He begins shouting inarticulately and ripping out is hair. He hugs the frozen VINNY.

GRANDPA JOE (con’t)
What have they done to you? My grandson! My poor dead wife—sso close, SO CLOSE—

HEATHER
(HEATHER is looking out the window)
What’re those two guys doing?

THE BLUE FAIRY
Grandpa Joe, you have sullied the name of the fine Brotherhood of Pizza Makers, what you have done is unforgivable. Your sad machinations and deviltry have made happiness for three young people all but impossible.

HEATHER
Are those cops?

He continues weeping and moaning with all the restraint of Orestes on a particularly bad day.

THE BLUE FAIRY
You have falsely cast blame on a loyal employee and wrongly implanted murderous desires into the breast of your own flesh-

HEATHER
And he fucking KIDNAPPED ME!

GRANDPA JOE
What have you done, you irredeemable Jezebel, YOU DISGUSTING LITTLE—

THE BLUE FAIRY taps him on the head.
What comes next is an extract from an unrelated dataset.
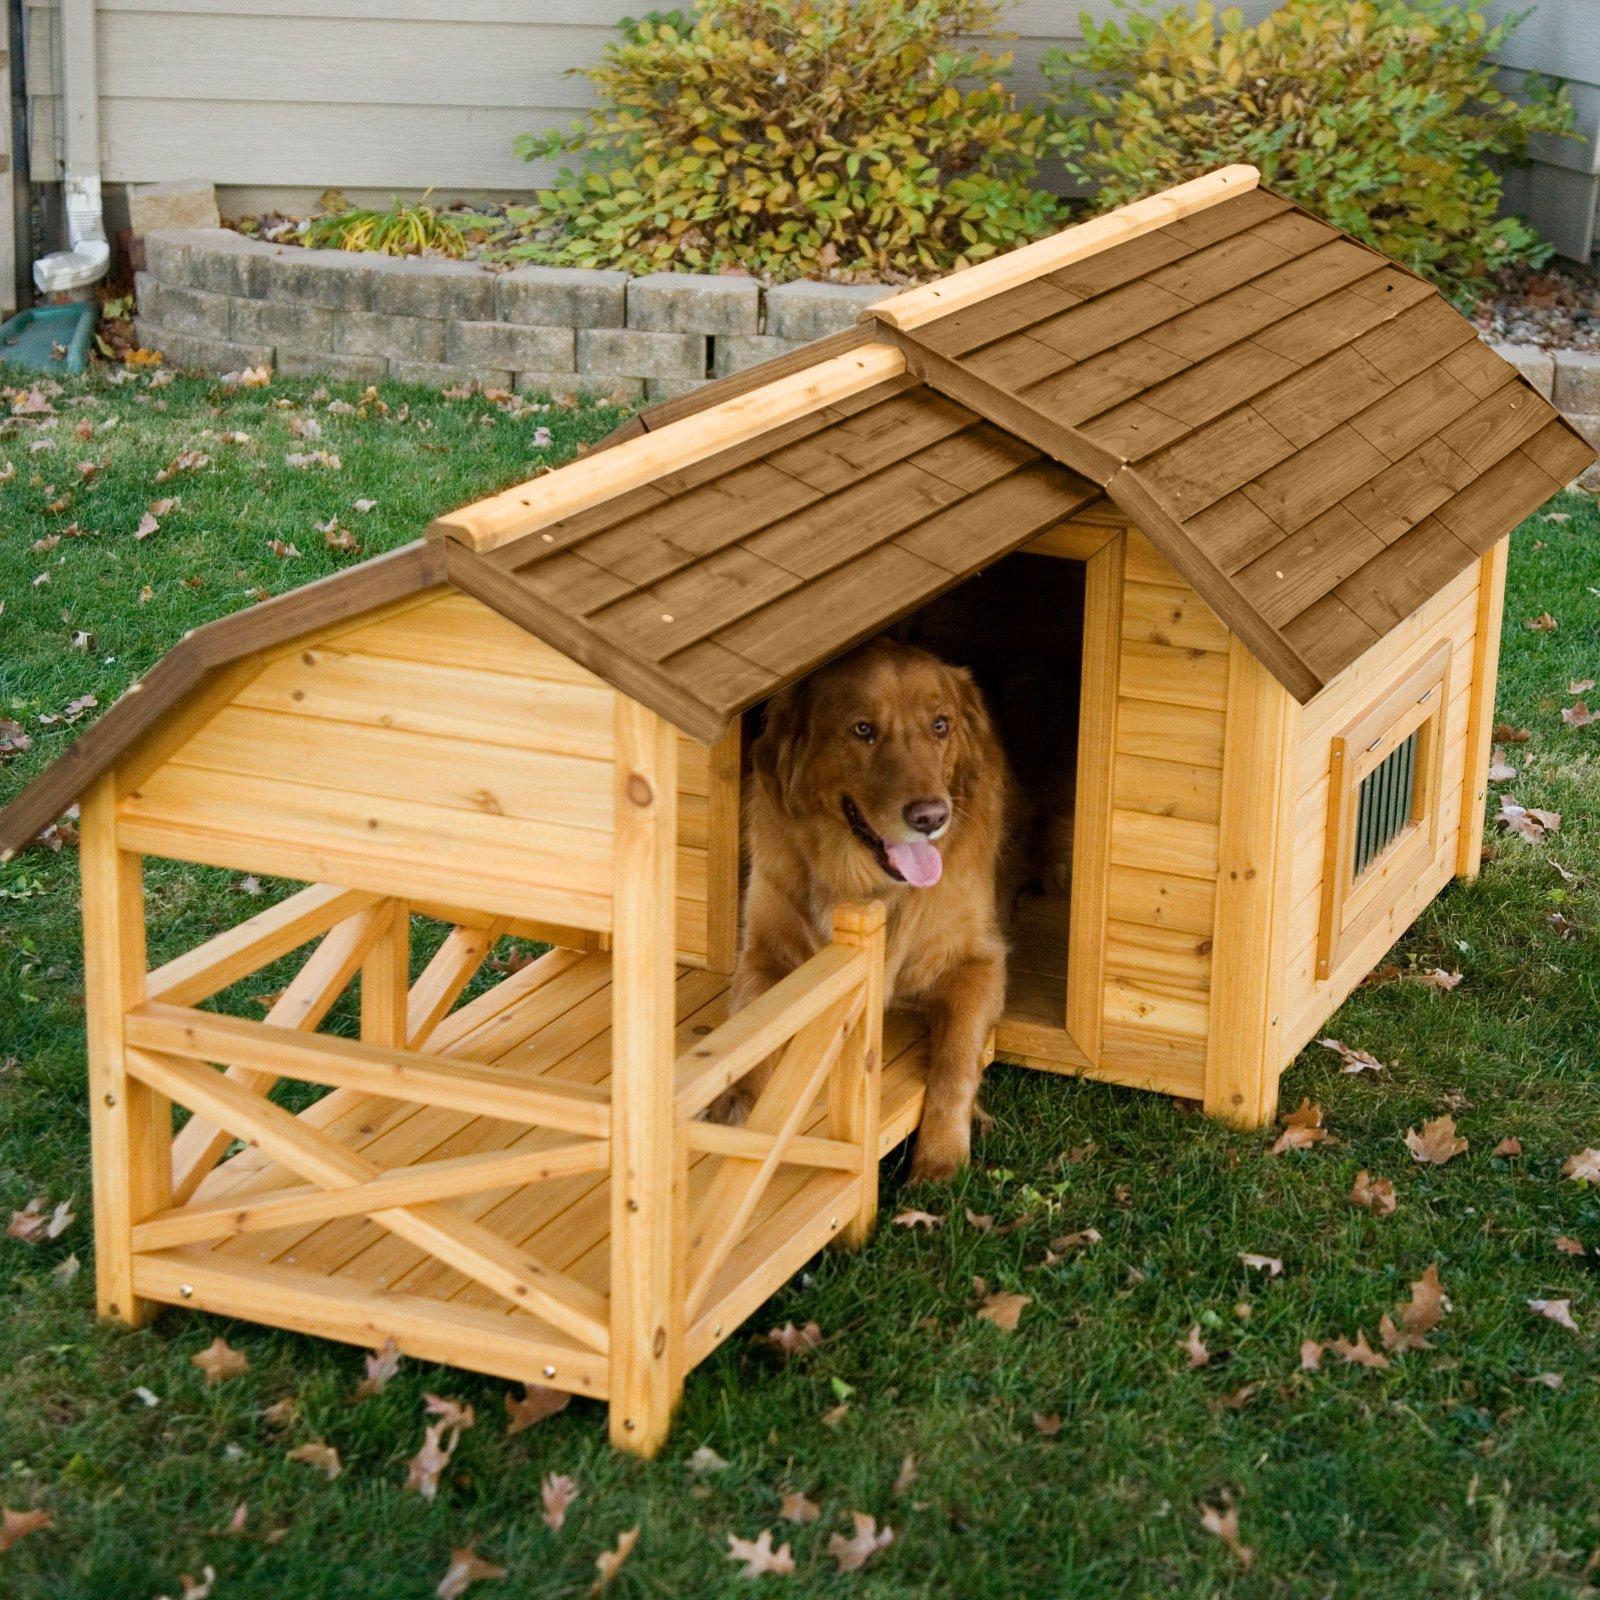 designer dog crate furniture ruffhaus luxury wooden designer dog crate furniture ruffhaus luxury wooden designer dog crate furniture ruffhaus luxury wooden

He freezes.

THE BLUE FAIRY
Enough of that.

HEATHER
Um. I think those are cops out there.

THE BLUE FAIRY
Just one moment, Charming One. They’re not going anywhere.

THE BLUE FAIRY turns back to GRANDPA JOE.

THE BLUE FAIRY (con’t)
You, Old Man, will trouble the world NO MORE! You have involved one of MY OWN in plots that humans have NO BUSINESS being a part of. Flesh turns to wood, skin to bark, fingers to leaves: Take root right here in your living room old man and DO NO MORE HARM!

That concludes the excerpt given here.